The swift downfall of Archegos Capital Management founder Bill Hwang last week by US prosecutors revealed a sprawling scam that was quite a bit more breathtaking than shocking than we knew.
Archegos collapsed in March 2021, leaving banks with more than $10 billion in losses and sparking calls for more regulatory oversight. More than $100 billion in stock market value vanished in a matter of days.
Damian Williams, U.S. attorney for the Southern District of New York, described the purported scheme as historic in scope, alleging that defendants and their co-conspirators lied to banks to obtain billions of dollars in loans, which they then used to inflate the stock price of publicly traded companies.
According to an excellent report in the Wall Street Journal, the Archegos fraud and manipulation scheme was so large that it nearly “jeopardized the U.S. financial system.”
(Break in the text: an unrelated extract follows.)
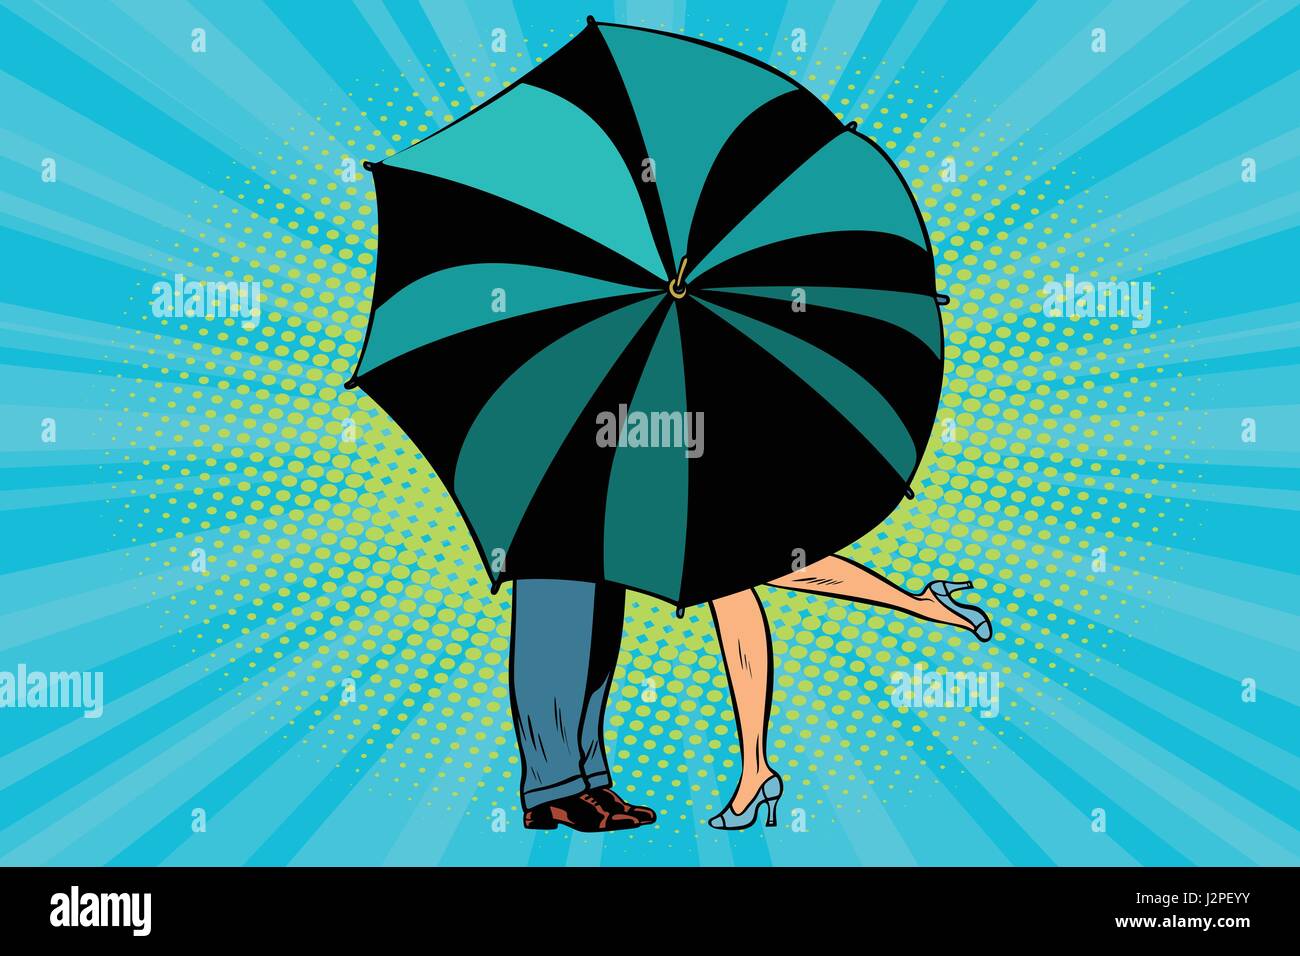 Man and woman kissing behind umbrella Stock Vector

“The lies fed the inflation, and the inflation fed more lies,” Mr. Williams said at a news conference. “Last year, the music stopped. The bubble burst. The prices dropped. And when they did, billions of dollars evaporated overnight.”
Messrs. Hwang and Halligan, who were arrested Wednesday morning, face charges including securities fraud, wire fraud and racketeering conspiracy. They pleaded not guilty in Manhattan federal court Wednesday afternoon. A federal judge released Mr. Hwang on a $100 million bond and Mr. Halligan on a $1 million bond.
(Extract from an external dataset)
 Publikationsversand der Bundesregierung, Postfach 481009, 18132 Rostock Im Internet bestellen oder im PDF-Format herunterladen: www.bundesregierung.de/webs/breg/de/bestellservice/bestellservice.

Mr. Hwang’s lawyer Lawrence Lustberg said in a statement that his client is entirely innocent and that there is no evidence whatsoever that he committed any kind of crime.
“A prosecution of this type, for open-market transactions, is unprecedented and threatens all investors,” Mr. Lustberg said. A lawyer for Mr. Halligan, Mary Mulligan, said her client is innocent and will be exonerated.
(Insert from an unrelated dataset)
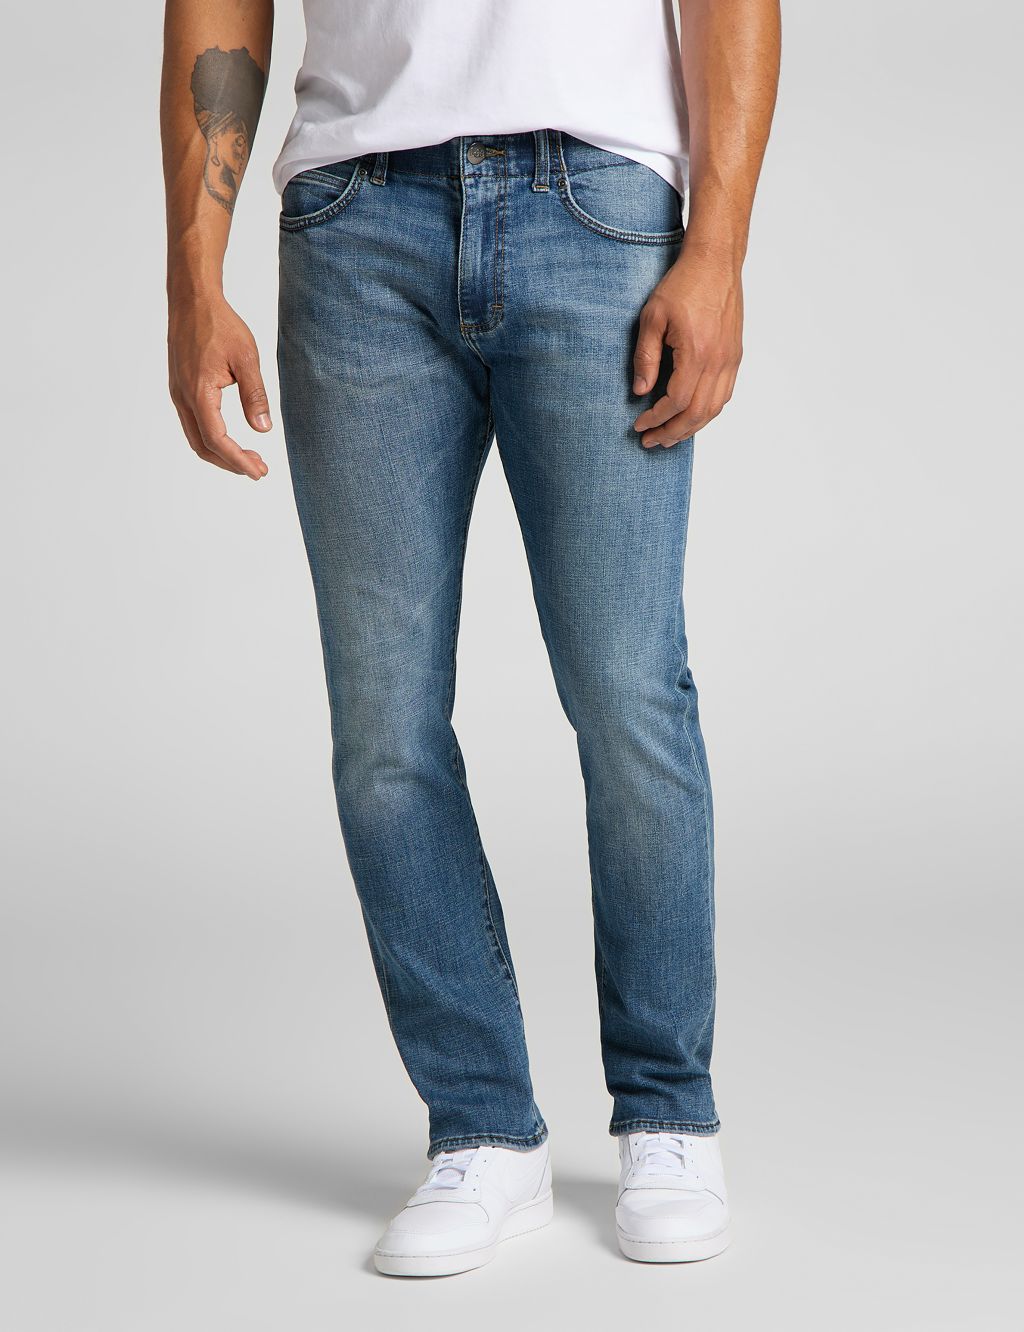 MVP Slim Fit 5 Pocket Jeans image 1

Two other former Archegos employees, William Tomita, who was Archegos’s head trader, and Scott Becker, who was its chief risk officer, have pleaded guilty for their roles in the alleged scheme and are cooperating with the government, prosecutors said. Lawyers for both men didn’t respond to requests for comment.
At Archegos, Mr. Hwang built up big, concentrated positions in companies and held some investments in a mix of cash and swaps, derivative contracts struck with banks for a fee, with money borrowed from banks across Wall Street. Mr. Hwang favored total-return swaps that gave Archegos the profits and losses on the stocks underlying the swap contracts while its lenders held the securities.
Mr. Hwang’s use of swaps allowed him to manipulate the prices of stocks in his portfolio because the agreements prompted Wall Street firms to buy shares of the stocks too, the indictment alleges. As the size of Archegos’s swaps grew, so did the amount of shares bought by the Wall Street firms, pushing up prices in the process. Prosecutors also allege that Archegos traded at certain times of day and in other manipulative ways to prop up stocks in its portfolio, including to keep share prices from falling too much.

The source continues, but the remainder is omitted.